Chapadão do Céu-GO and Quirinópolis-GO locations are characterized by high fertility soils with moderately high-water availability and high productivity potential. In particular, the well-aggregated soil with larger amount of macropores in Quirinópolis-GO improved the water storage, since the straw was maintained on soil surface during a period of severe water deficit, as reported for both ratoons (ETc above rainfall). This management practice increased water availability and reduced soil temperature fluctuations along the day, consequently increasing sugarcane yield. In the state of Goiás, located in the expansion frontier [59], the magnitude of water deficit can severely limit sugarcane yield [60, 61], indicating that management practices for improvement of θ, such as straw mulching, are strongly recommended [62].

Based on fixed percentages of the total straw produced from harvest, which were the criteria adopted in this study, the straw mulching showed high variability on each location and cropping season. Thus, we advocate that the use of a fixed amount of straw could improve comparative assessments of the effects of sugarcane straw removal on each location. Although sugarcane growth curves present similar overall shapes (sigmoid), straw removal and harvest season (early, middle and late) affect specific phases of the curves differently in each ratoon cycle [28]. Thus, under rainfed conditions, a different yield response is expected for sugarcane areas harvested in contrasting seasons in terms of water deficit, i.e., at the beginning of the dry season, when the water deficit is low and in the wet season, within the water surplus period occurring in its early stages.

Plant growth and crop productivity are site-specific response to edaphoclimatic conditions [63], so straw removal responses are also specific for different climate and soil conditions. Therefore, on these same locations, different harvest periods associated with fixed amounts of straw can lead to somewhat different conclusions regarding straw removal for bioenergy production.

Conclusions

The complete and partial straw removal were detrimental to water storage and therefore to plant available water, causing an increase in soil temperature in early crop development, i.e., during sprouting and tillering phases, which are extremely important periods for a good crop establishment and, consequently, for yield increases.

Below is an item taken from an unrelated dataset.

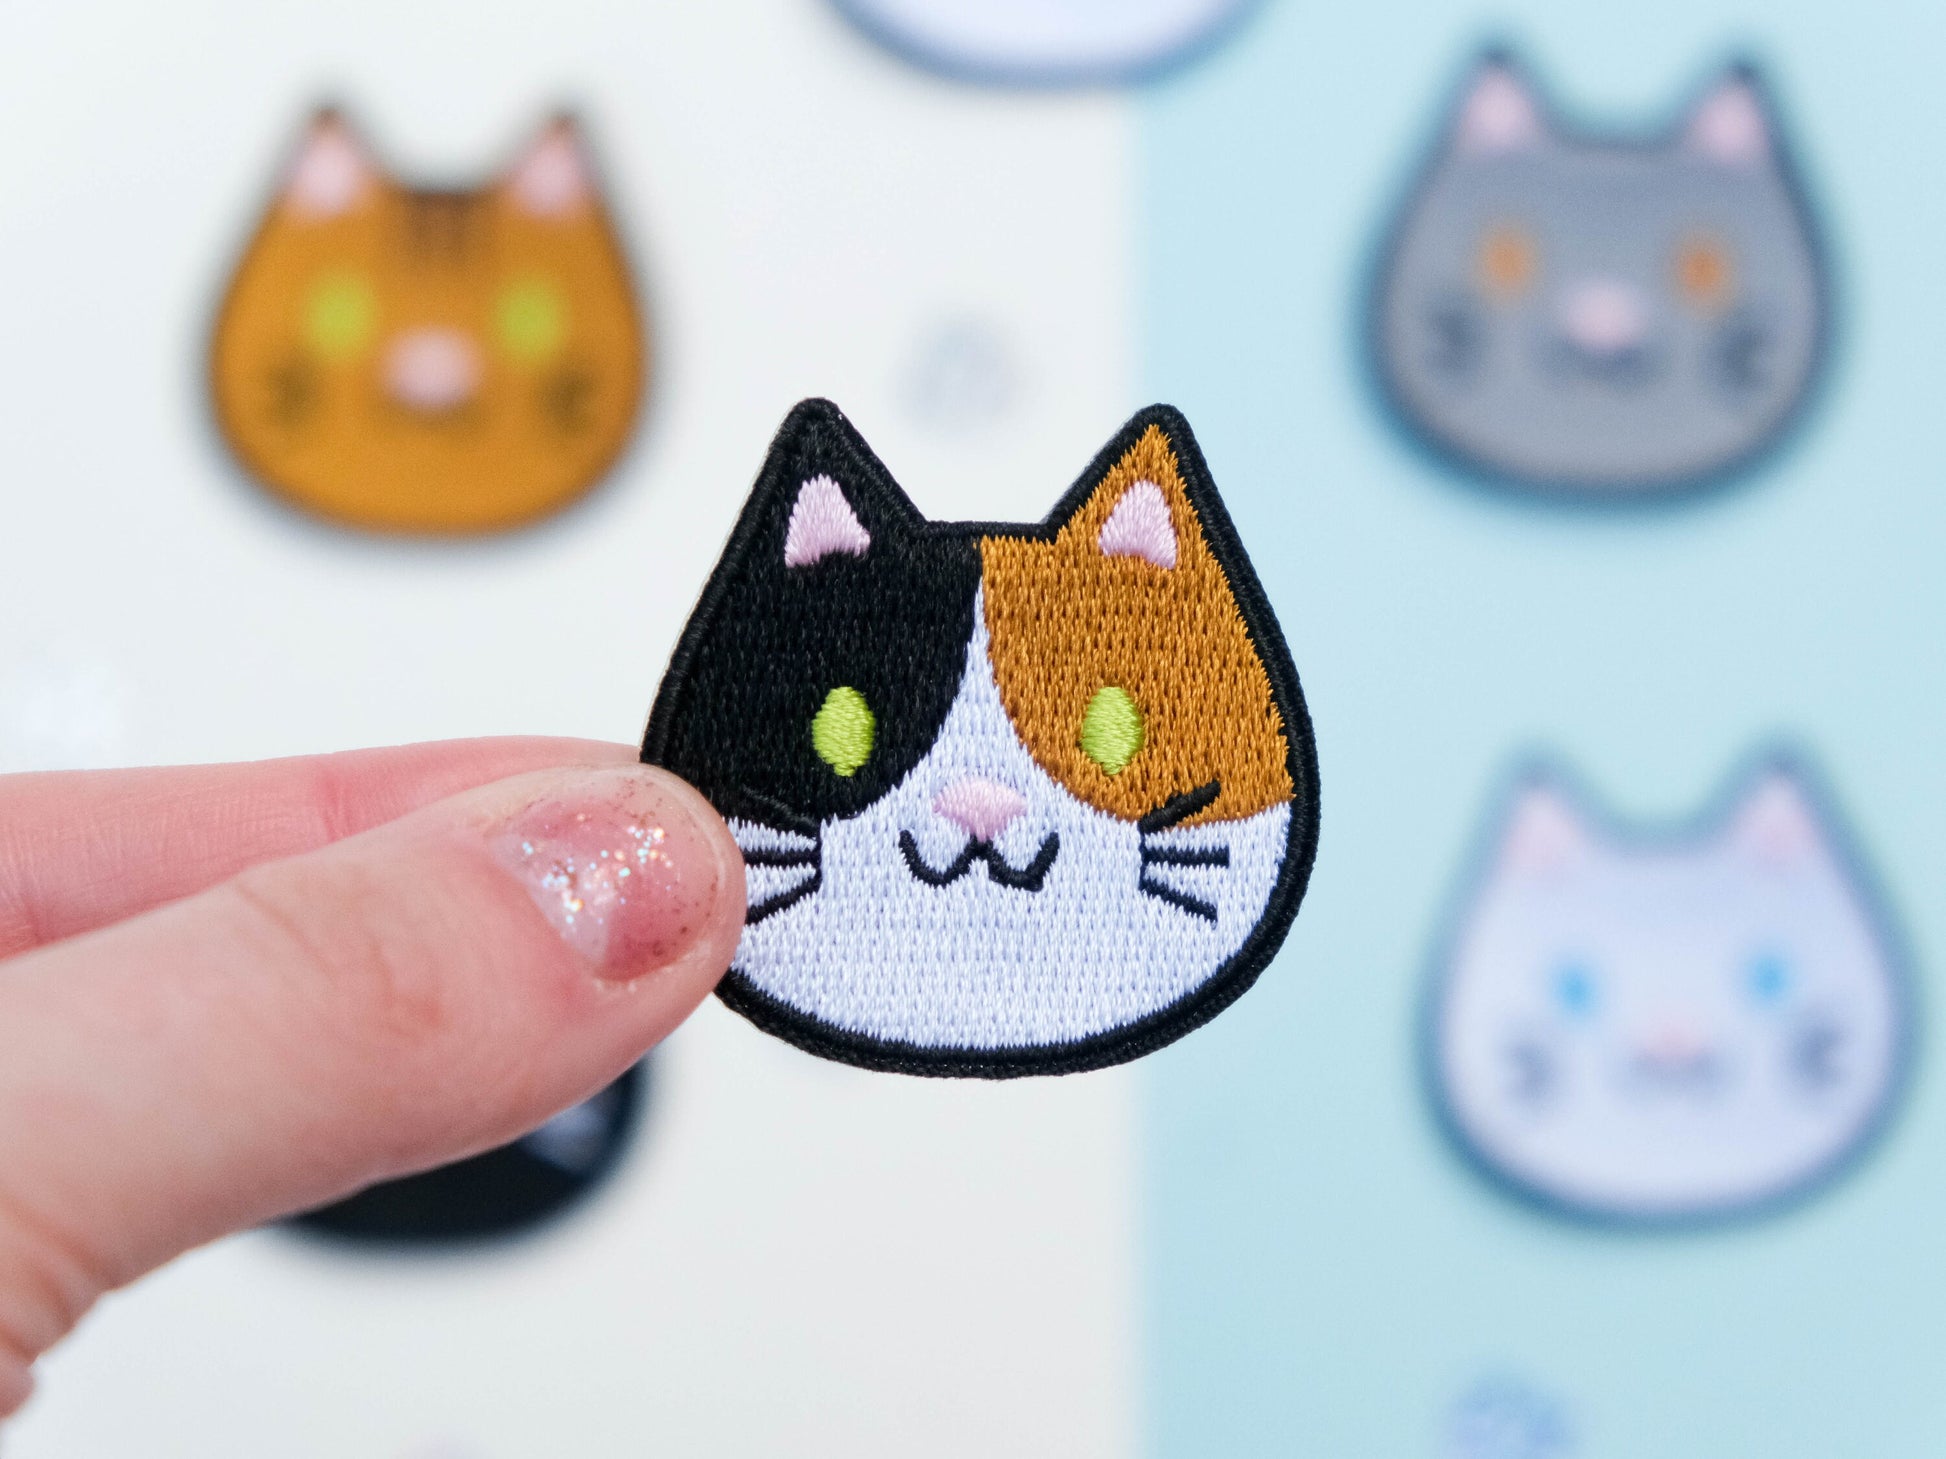 Cat Patch 12 Options Small Cat Patches Iron on Cute Iron on Cat Badge  Tuxedo Ginger Kids Christmas Gift From the Cat Stocking Stuffer

Our study showed that straw removal recommendations are site-specific, since it is a response of edaphoclimatic interactions. Thus, despite the differences in the amount of straw used at each location, since percentage removal rates were applied instead of fixed amounts, high rates of straw removal should be avoided on locations that present greater water holding capacity, high sugarcane yield potential, extended water deficit, and extremely warm season in early stages of crop development. The straw removal from locations with low sugarcane yield potential, even showing low water deficit in the beginning of the crop season, did not have a significant influence on sugarcane yield in the short term, since straw did not produce enough improvements to soil so as to enable benefits for water retention. Therefore, the avoidance or reduction of straw removal on a long-term perspective may lead to important improvements on soil quality, resulting in different responses of straw management.